:: Exercise requirements ::
Among the lines below, keep only those from the one containing "0905 052 Polesden" through the one containing "Sea Sun Pinot", and reproduce them exactly.

:: Input records ::
=== Begin Enclosure ===
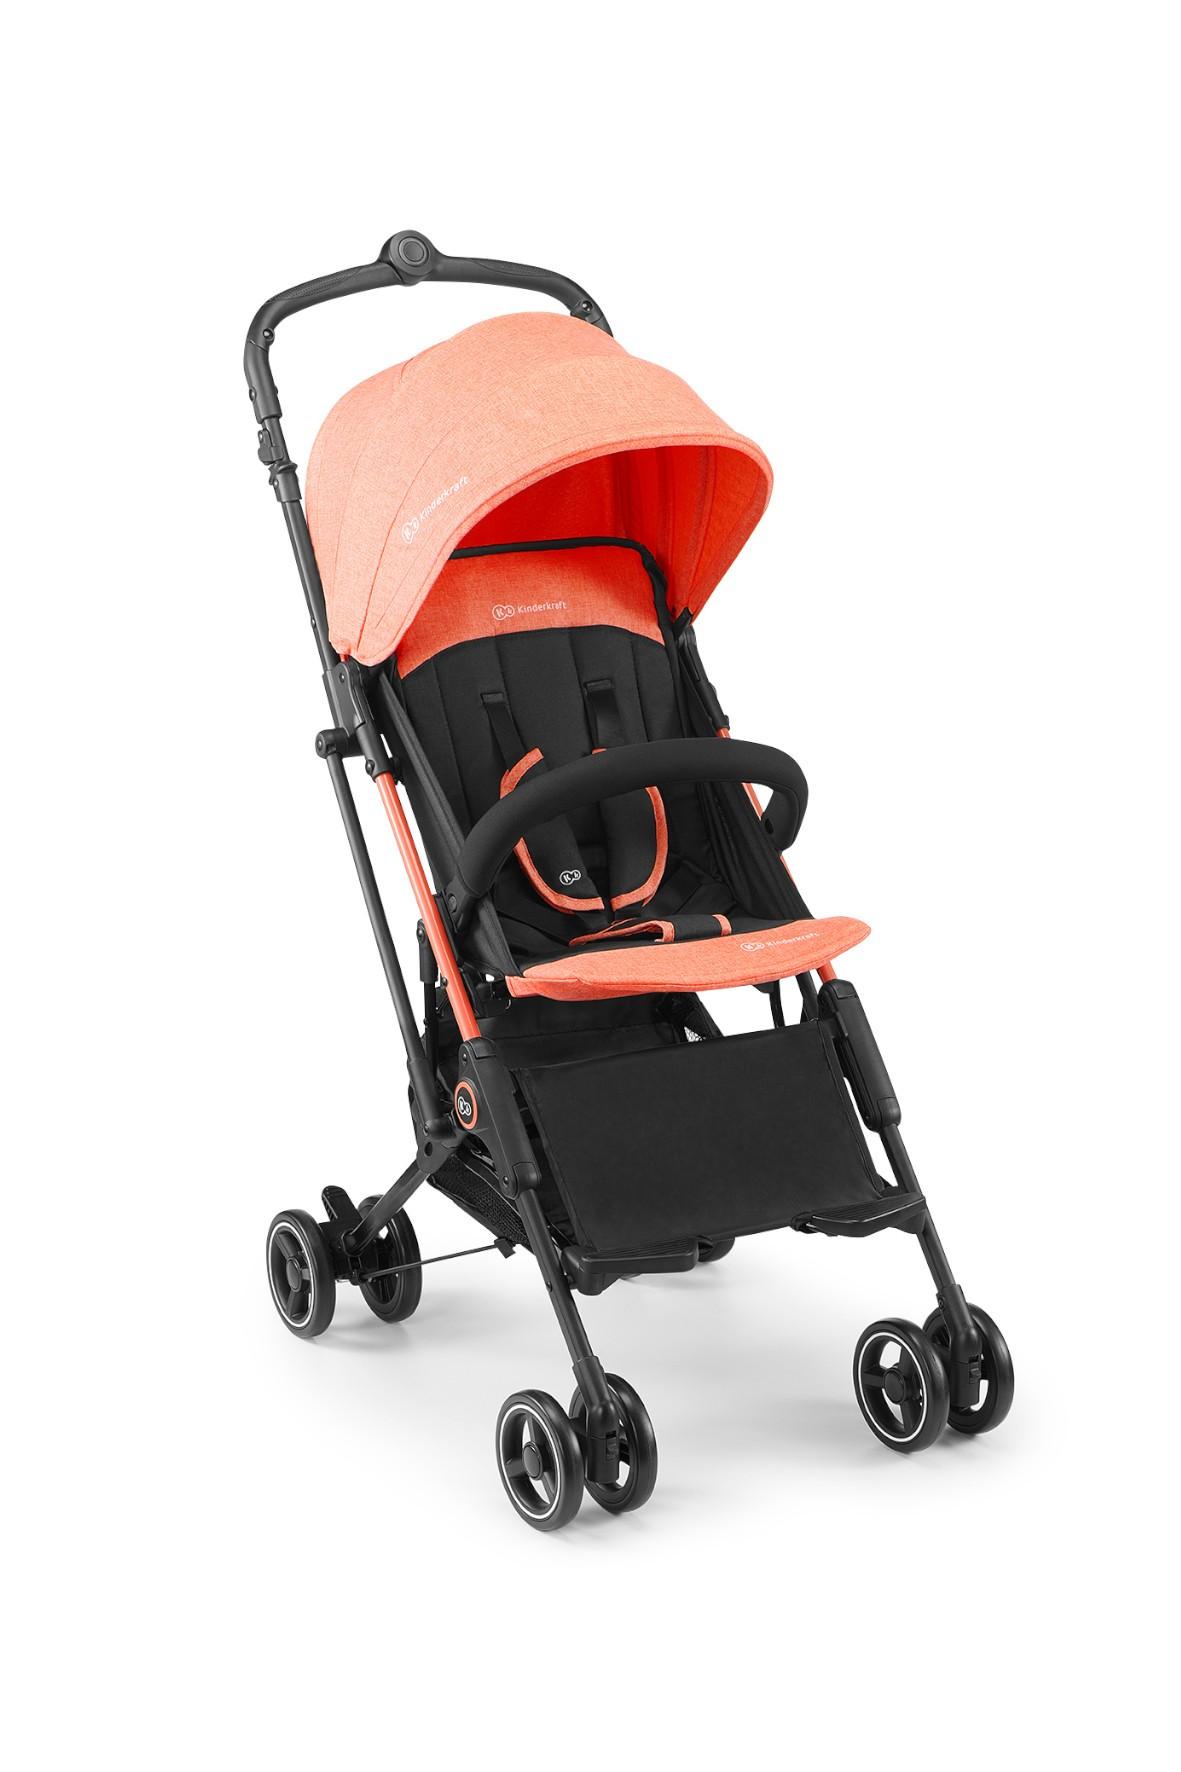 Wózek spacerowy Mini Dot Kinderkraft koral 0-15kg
=== End Enclosure ===
=== Begin Enclosure ===
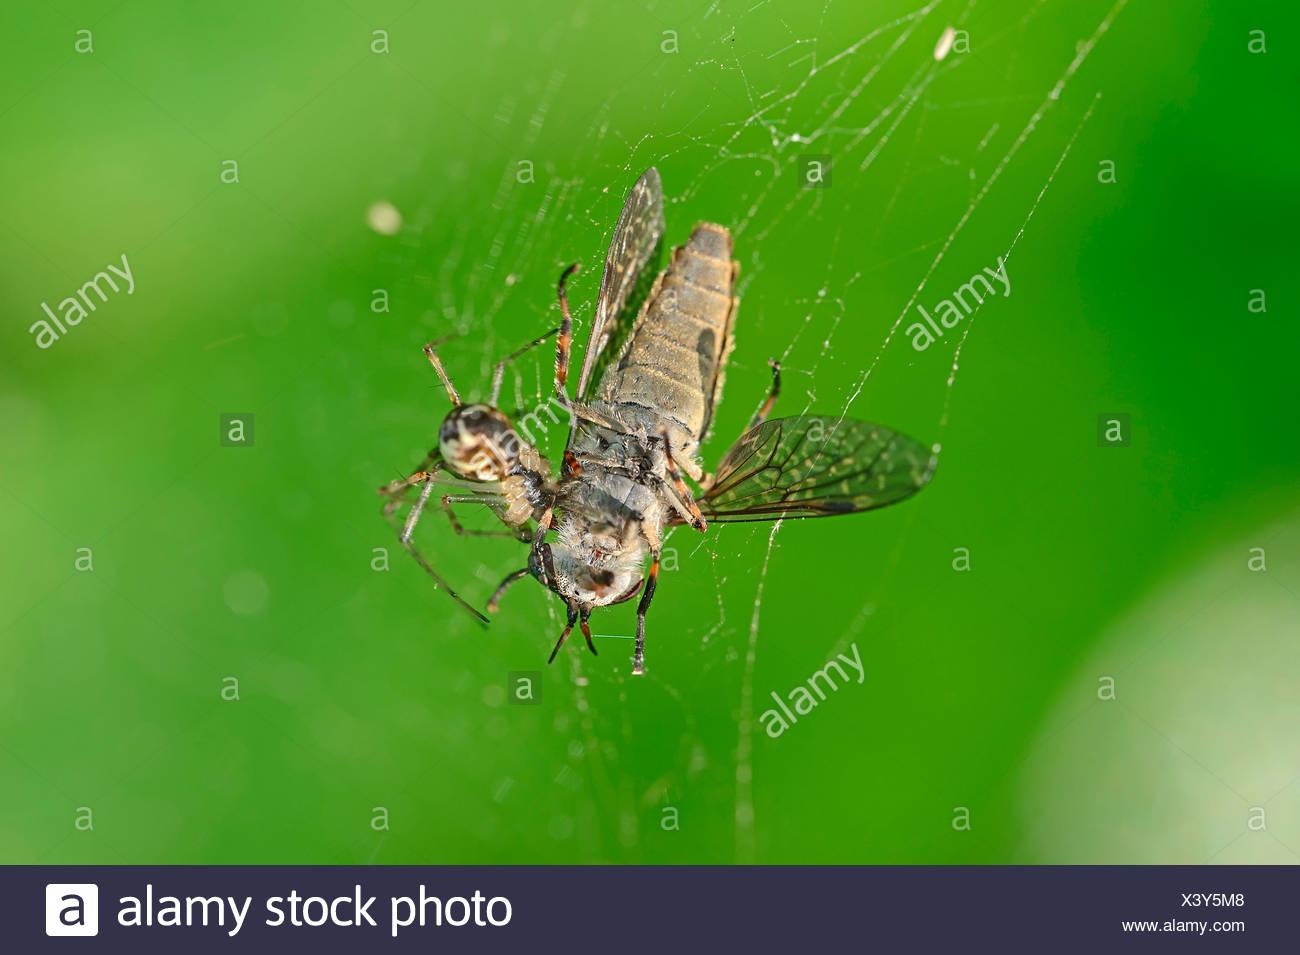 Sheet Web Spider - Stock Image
=== End Enclosure ===
=== Begin Enclosure ===
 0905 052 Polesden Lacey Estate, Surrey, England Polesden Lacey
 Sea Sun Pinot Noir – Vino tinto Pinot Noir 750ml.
=== End Enclosure ===
:: Exercise solution ::
 0905 052 Polesden Lacey Estate, Surrey, England Polesden Lacey
 Sea Sun Pinot Noir – Vino tinto Pinot Noir 750ml.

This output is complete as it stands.